🤖 AI Summary
This study addresses performance disparities of deep learning models across gender, age, and racial subgroups in chest X-ray diagnosis. We propose a model-agnostic, lightweight fairness optimization framework. Methodologically, we replace the final CNN layer with an XGBoost classifier to form a CNN-XGBoost multi-label architecture, integrated with adversarial training, reweighting, data augmentation, and active learning. Evaluated on CheXpert and MIMIC-CXR, the framework achieves robust in-distribution and out-of-distribution bias mitigation. Results demonstrate substantial improvements in subgroup fairness—e.g., a 32–47% reduction in equal opportunity difference—while maintaining or surpassing baseline accuracy. Moreover, computational overhead is significantly reduced compared to conventional fairness-aware deep learning methods. The approach enhances clinical deployability by improving both trustworthiness and inclusivity of AI-assisted radiological decision support.
📝 Abstract
Deep learning models have shown promise in improving diagnostic accuracy from chest X-rays, but they also risk perpetuating healthcare disparities when performance varies across demographic groups.
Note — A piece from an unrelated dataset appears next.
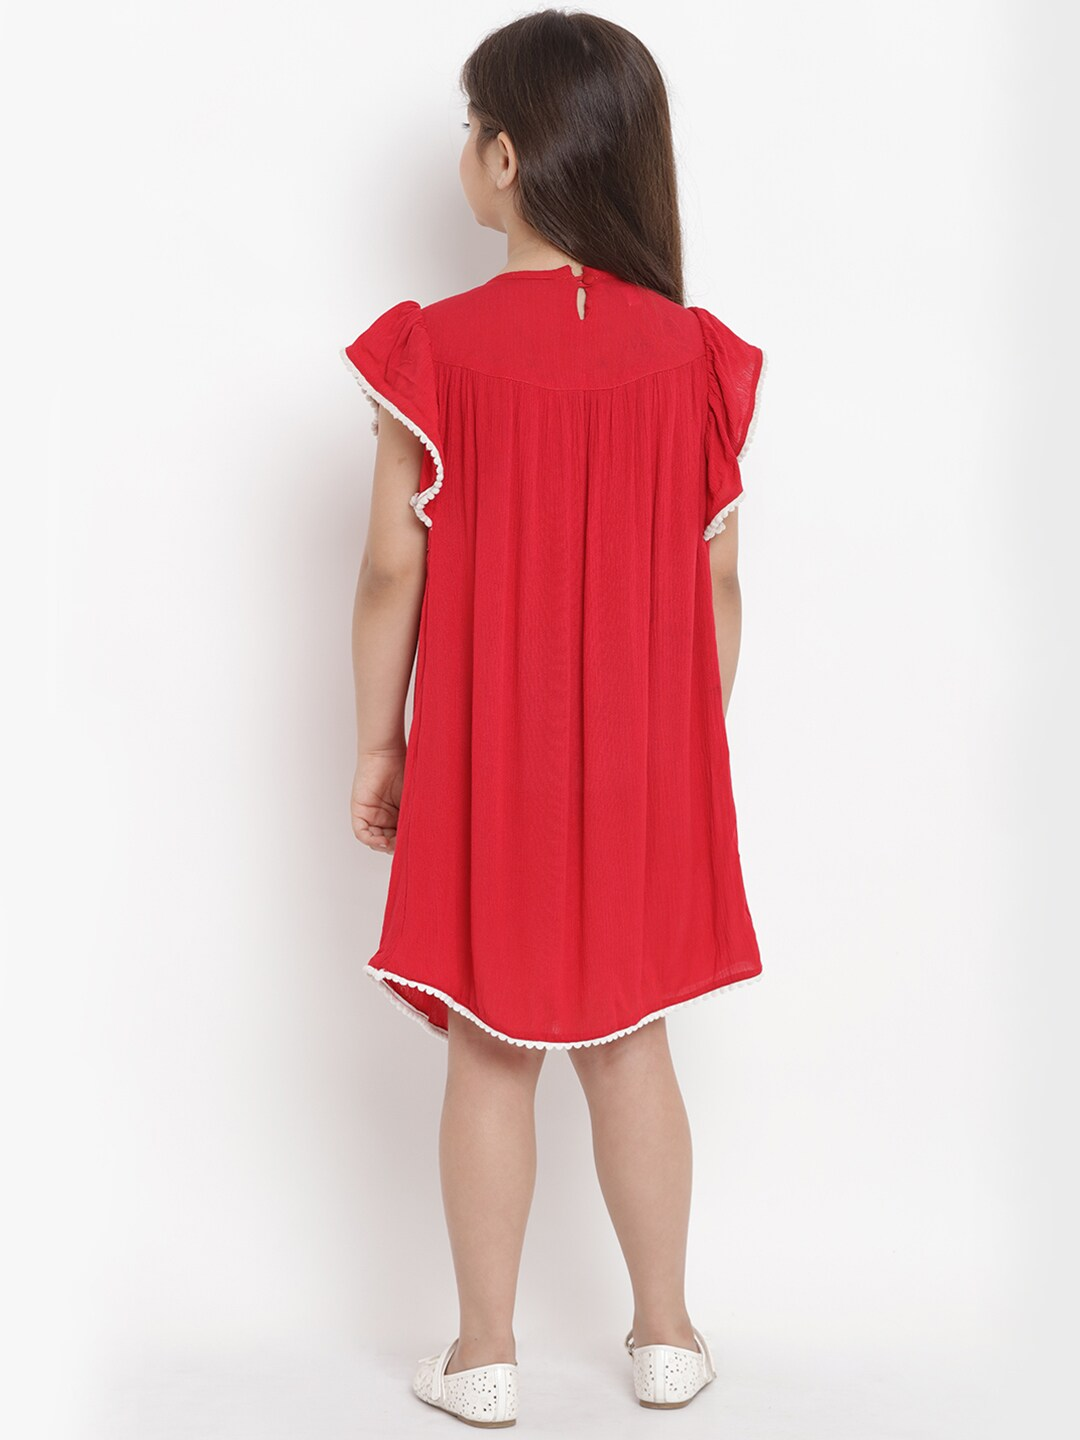 Girls Red A-Line Dress
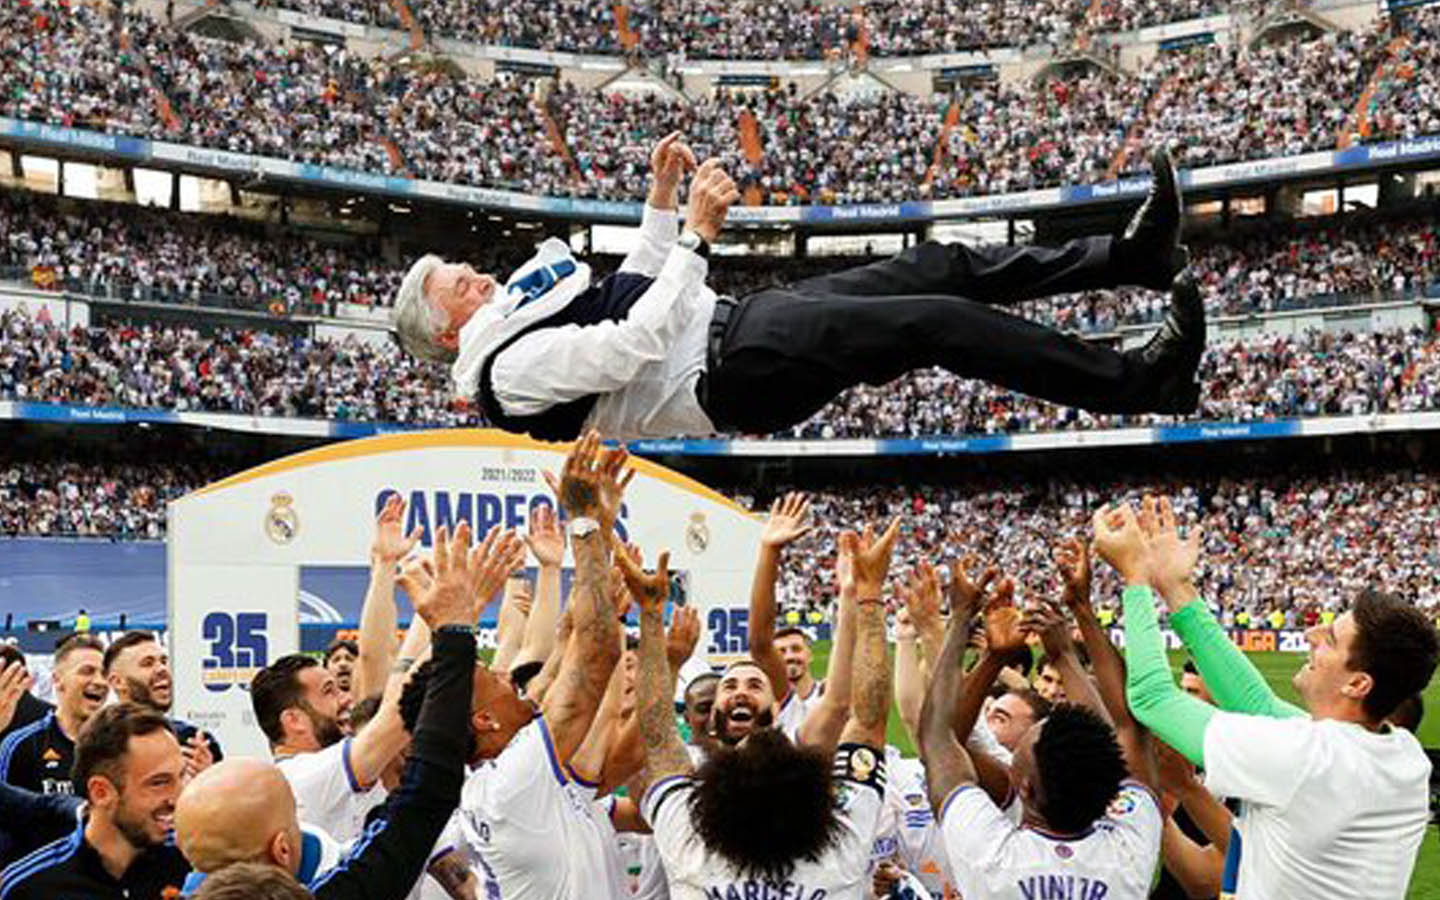 Carlo Ancelotti Bawa Real Madrid Juara!

In this work, we present a comprehensive bias detection and mitigation framework targeting sex, age, and race-based disparities when performing diagnostic tasks with chest X-rays. We extend a recent CNN-XGBoost pipeline to support multi-label classification and evaluate its performance across four medical conditions. We show that replacing the final layer of CNN with an eXtreme Gradient Boosting classifier improves the fairness of the subgroup while maintaining or improving the overall predictive performance. To validate its generalizability, we apply the method to different backbones, namely DenseNet-121 and ResNet-50, and achieve similarly strong performance and fairness outcomes, confirming its model-agnostic design. We further compare this lightweight adapter training method with traditional full-model training bias mitigation techniques, including adversarial training, reweighting, data augmentation, and active learning, and find that our approach offers competitive or superior bias reduction at a fraction of the computational cost. Finally, we show that combining eXtreme Gradient Boosting retraining with active learning yields the largest reduction in bias across all demographic subgroups, both in and out of distribution on the CheXpert and MIMIC datasets, establishing a practical and effective path toward equitable deep learning deployment in clinical radiology.